Latin America on the Geopolitical Periphery
Latin America is always seen as a peripheral
geopolitical field that Western actors neglect and Eurasians try to enchant.
The United States and Europe have a cultural advantage
over the Eurasians, i.e., Russians, Turks, Arabs, Persians, Indians, and
Chinese, but the latter do their best to enter, understanding that the ability
of Latin American elites to corrupt themselves facilitates entry, but also
affects them in terms of return on investment. This is happening not only in
that region, but also in Africa.
Therefore, any progress must be made with a firm step
and, like the West, but in a different register, the Eurasians have a kind of
due diligence and compliance policy. They invest, but they also demand their
own. The Chinese are the best. The others are still linked to either religious
ethnic communities or mafias, both of which are insecure and have little
penetration.
China is doing the work that needs to be done and is
doing it in a more sustainable way by appealing to the most respectable
business elites, but the West still has the advantage that Latin America is
part of the West thanks to the Iberian Peninsula, and that continues to weigh.

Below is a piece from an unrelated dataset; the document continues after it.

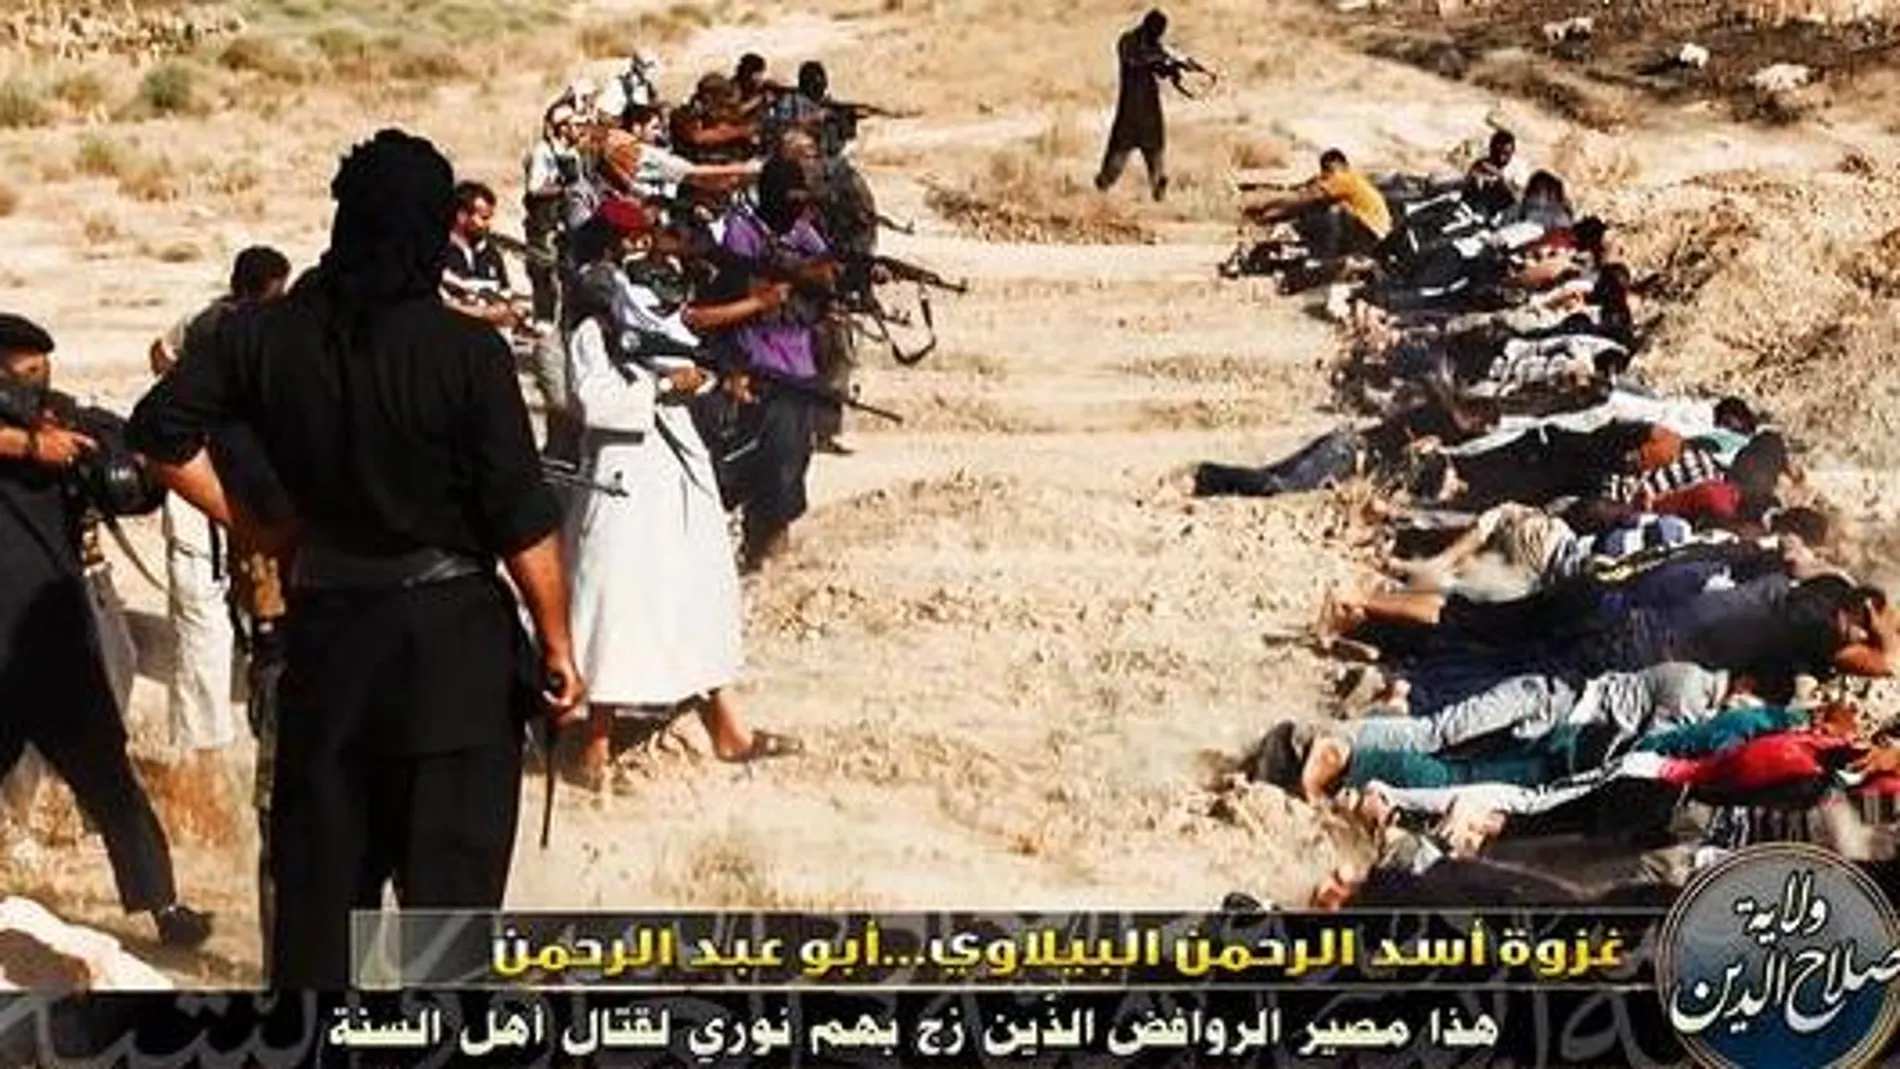 Una de las imágenes difundidas en Twitter por ISIS

This can be seen in the struggle over Venezuela and
Argentina, but also in the investment dynamics within Brazil or the doubts in
Peru about the scope of the partnership with China.
In the Pacific they always know that the link with the
Asians is key, clarifying that it is a reciprocal relationship and even Peru,
with the Chinese stuck up their noses, is weighing it up. Build the port, they
say, and then we will decide. China does not have the capacity to force Latin
Americans to comply with its designs. The United States does not, much less a
power without a global navy.
Therefore, the ground is leveled, and the region
remains in a kind of undecided point in the geopolitical battle that is taking
place on a global scale, trying to make the best of it despite the ideologized
foreign policy of each president in office.
In the end, the elites, the real power in a democracy,
have a wide range of choices to make without being ideologically driven like
the totally changeable presidents in office. They have decided to make the most
of the West and Eurasia.
Interestingly, Trump will join this trend if he wins
the presidency. Nearshoring in this sense would not be such if he agrees with
the Chinese to manufacture in the US itself.